Traditional modeling
Our notional movies application retrieves details of a movie based on the movie's ID like:
GET movie details FOR movie id X
In Cassandra, we would model the data by partitioning the table on the movie ID [PRIMARY KEY (movie_id)
]. It would look something like:
CREATE TABLE movies_by_id ( movie_id text, cast map<text, text>, genres set<text>, imdb_id text, overview text, release_date date, release_year int, runtime int, title text PRIMARY KEY (movie_id) )
so the table can be queried with:
cql> SELECT * FROM movies_by_id WHERE movie_id = '545609';
But what if the application needed to retrieve the data in a different way? This is where it gets challenging for developers new to Cassandra. The idea that they can't just query a table with a filter on an ad hoc column is usually a surprise. Allow me to illustrate with these examples:
GET cast list beginning with lead actors FOR movie id X
GET list of movies FOR genre Y
Traditionally, we would have to design separate tables for these queries. In the case where the app needs a list of movie actors:
CREATE TABLE cast_by_movie ( movie_id text, cast_order int, actor_name text, actor_id text, character text, release_year int STATIC, title text STATIC, PRIMARY KEY (movie_id, cast_order) )
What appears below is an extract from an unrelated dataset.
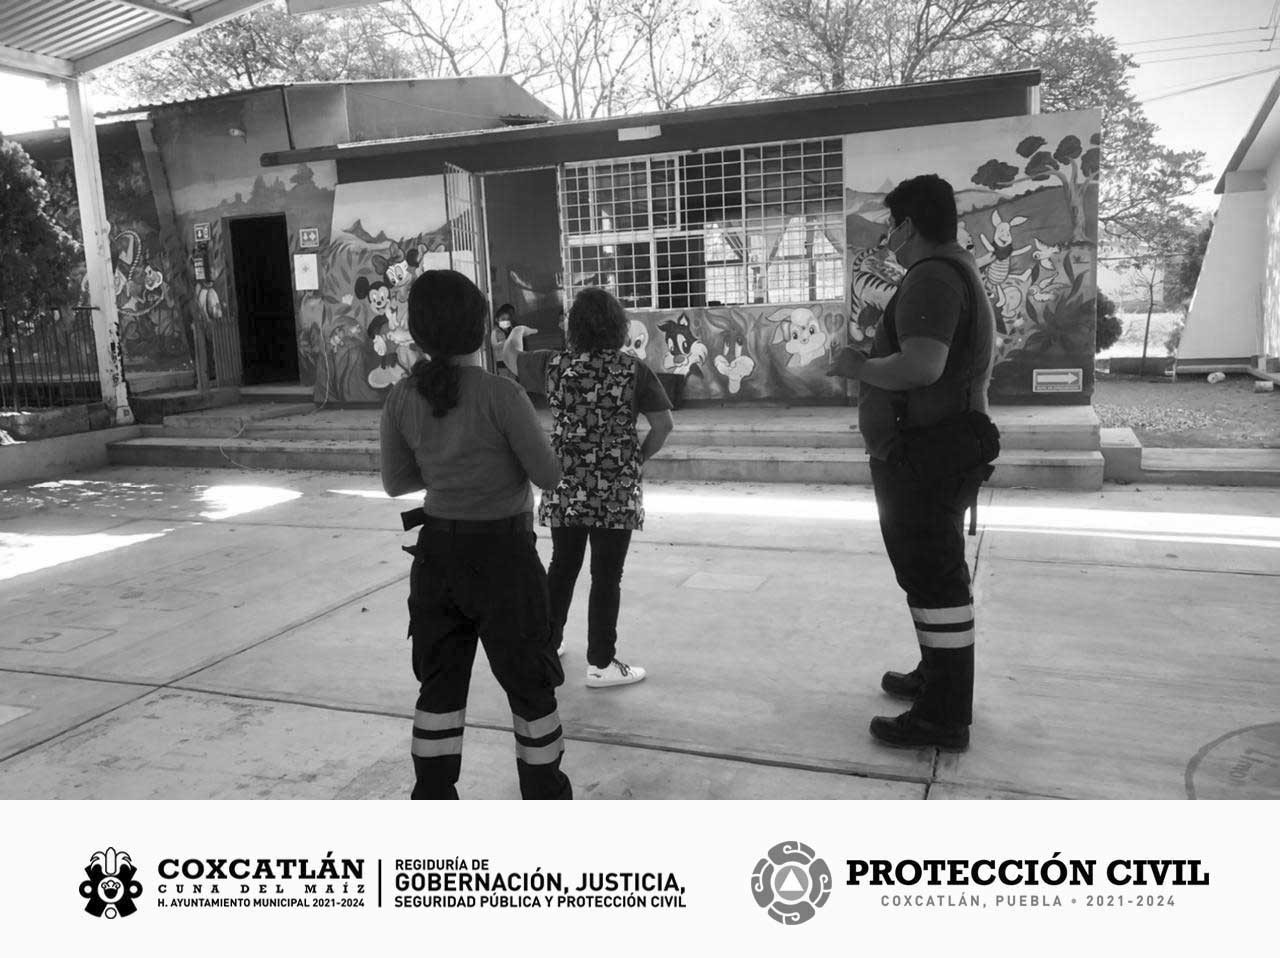 REPORTA PROTECCION CIVIL, SALDO BLANCO EN COXCATLAN

To get the cast list for the movie Extraction:
cql> SELECT actor_name, cast_order, character FROM cast_by_movie WHERE movie_id = '545609'; movie_id | cast_order | actor | character ---------+------------+-------------------+------------ 545609 | 1 | Chris Hemsworth | Tyler Rake 545609 | 2 | Rudhraksh Jaiswal | Ovi Mahajan 545609 | 3 | Randeep Hooda | Saju <snip>
To retrieve just the leading actor:
cql> SELECT actor_name, cast_order, character FROM cast_by_movie WHERE movie_id = '545609' AND cast_order = 1; movie_id | cast_order | actor | character ---------+------------+-------------------+------------ 545609 | 1 | Chris Hemsworth | Tyler Rake
The schema for storing movies by genre would look something like:
CREATE TABLE movies_by_genre ( genre text, movie_id text, imdb_id text, overview text, release_year int, title text PRIMARY KEY (genre, movie_id) )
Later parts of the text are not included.